Это работа, которую при необходимости можно проделать и в беспокойной обстановке, – пара писем, пара выписок. Конечно, Корнелиус рассеян. Он переваривает мелкие впечатления – негнущиеся туфли господина Гергезеля, высокий голос Плайхингер в толстом теле. Мысли его, когда он пишет или, откинувшись, смотрит в пустоту, вертятся и вокруг собрания баскских песен Мёллера, вокруг униженности и утрированности Герцля, «его» Карлоса и двора Филиппа. С разговорами, считает профессор, дело такое. Они податливы и безо всякой указки таинственным образом подлаживаются под подспудно главенствующий интерес. Он, пожалуй, не раз наблюдал подобное. Время от времени он прислушивается к гомону вечера, впрочем, вовсе не шумному. Слышны одни разговоры, даже не танцевальное шарканье. Они ведь и не шаркают, не кружатся, а странно перетаптываются по ковру, причем последний им ничуть не мешает (совершенно иной подход, чем в его время), под звуки граммофона (от них профессор никак не может отключиться), этого странного новшества нового мира, под джазообразную аранжировку со всякими ударными, которые аппарат прекрасно воспроизводит вместе с пощелкиваньем и перестуком кастаньет, воспринимаемых именно как джазовый инструмент, а вовсе не как Испания. Нет, совсем не Испания. И Корнелиус возвращается к профессиональным мыслям.

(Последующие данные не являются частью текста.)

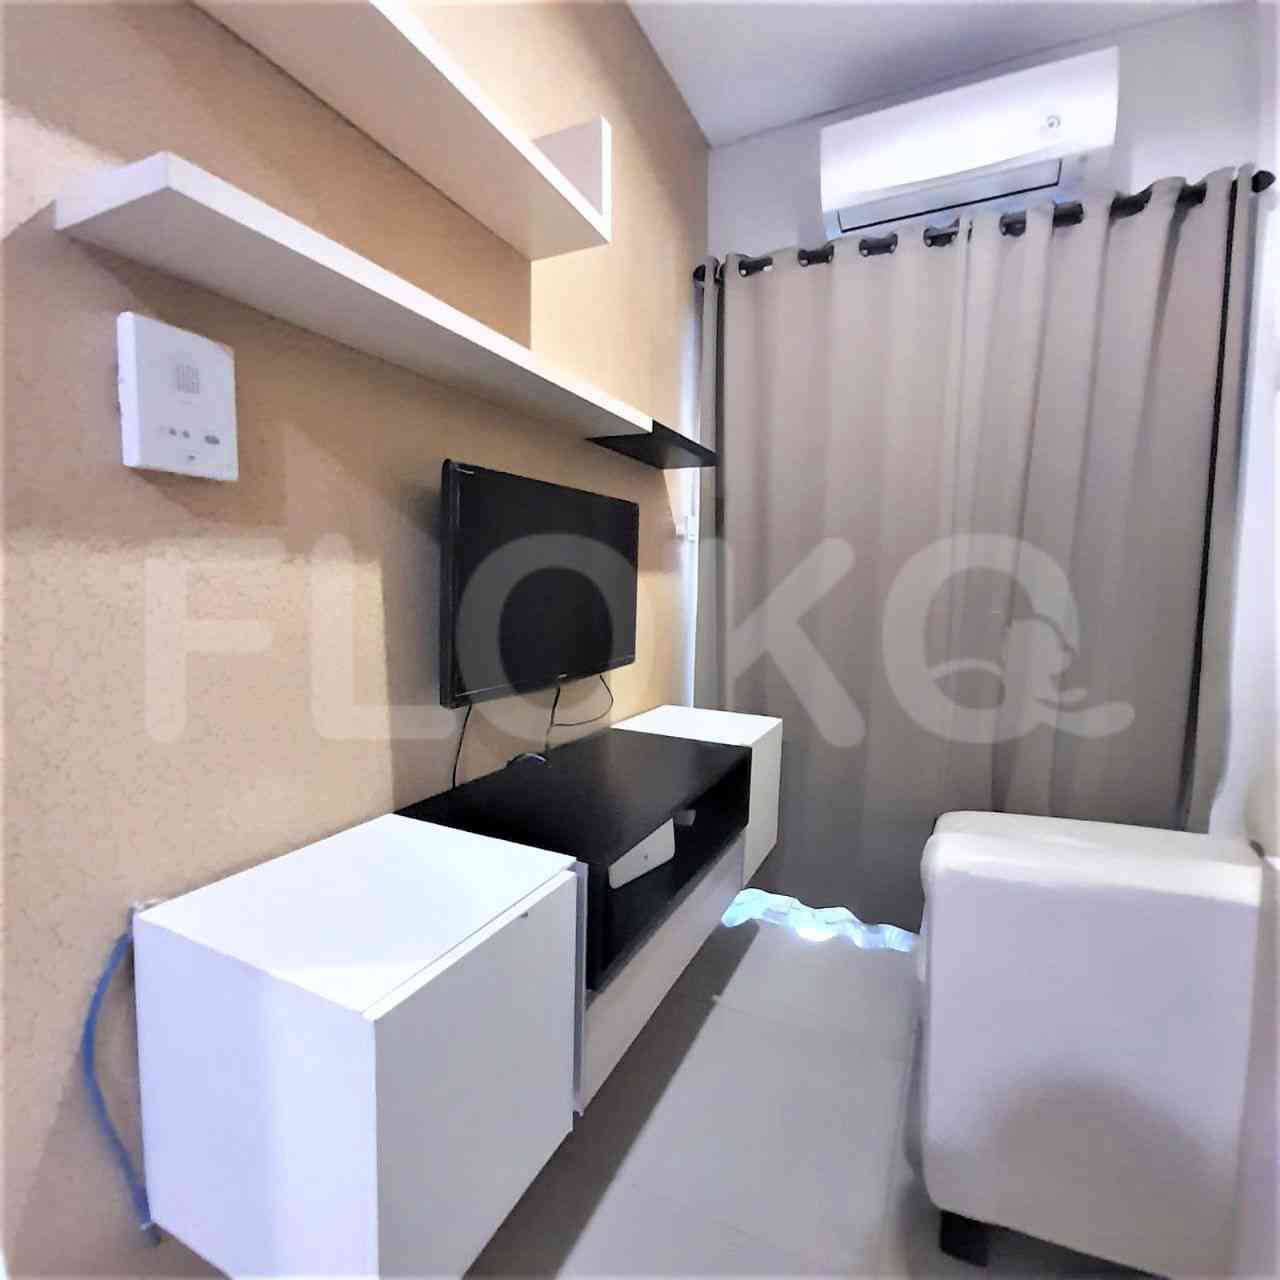 2 Bedroom on 27th Floor for Rent in GP Plaza Apartment - ftadcc 1

Через полчаса ему приходит в голову, что было бы любезно присоединиться к веселью с пачкой сигарет. Не годится, считает он, чтобы молодые люди курили собственные – хотя сами они вряд ли придадут этому особое значение. Он идет в пустую столовую и достает из стенного шкафчика пачку из своих запасов, не самых лучших, по крайней мере не тех, которые предпочитает сам; эти чуть слишком длинные и слабые; от них, воспользовавшись случаем, он с удовольствием избавится, ведь в конечном счете гости – всего лишь молодые люди. Профессор идет в холл, улыбается, высоко поднимает сигареты, открыв пачку, ставит ее на камин и, обведя танцующих беглым взглядом, возвращается к себе.
В танцах как раз перерыв, музыкальный аппарат умолк. Гости сидят на стульях перед камином, стоят по периметру холла, перед окном у стола для атласов и альбомов, беседуют. И на ступенях лестницы с изрядно вытертой плюшевой дорожкой, как в амфитеатре, расселась молодежь: Макс Гергезель, к примеру, сидит возле роскошной Плайхингер с высоким голосом, которая смотрит ему в лицо, а он полулежа обращается к ней, одним локтем опираясь на следующую ступеньку, а другой рукой сопровождая свои речи жестикуляцией. Комната словно опустела; только в середине, прямо под люстрой кружатся маленькие – в синих костюмчиках, неуклюже обнявшись, молча, медленно, словно в забытьи. Проходя мимо, Корнелиус наклоняется к ним и, пробормотав ласковые слова, гладит по головкам, но это не отвлекает их от маленького, серьезного занятия. В дверях он успевает заметить, как студ., инж. Гергезель, вероятно, завидев профессора, локтем отталкивается от ступени, спускается вниз, извлекает Лорхен из объятий брата и сам пускается с ней в забавный танец без музыки. Почти как Корнелиус, гуляющий с «четырьмя аристократами», он сильно сгибает колени, пытаясь держать ее, как большую, и делает со смутившейся Лорхен несколько па шимми. Всех, кто заметил, это забавляет. Беззвучный шимми служит знаком вновь завести граммофон и возобновить танцы. Профессор держится за дверную ручку, кивает, смеется плечами, мгновение наблюдает сцену, затем возвращается в кабинет. Еще несколько минут лицо его механически удерживает наружную улыбку.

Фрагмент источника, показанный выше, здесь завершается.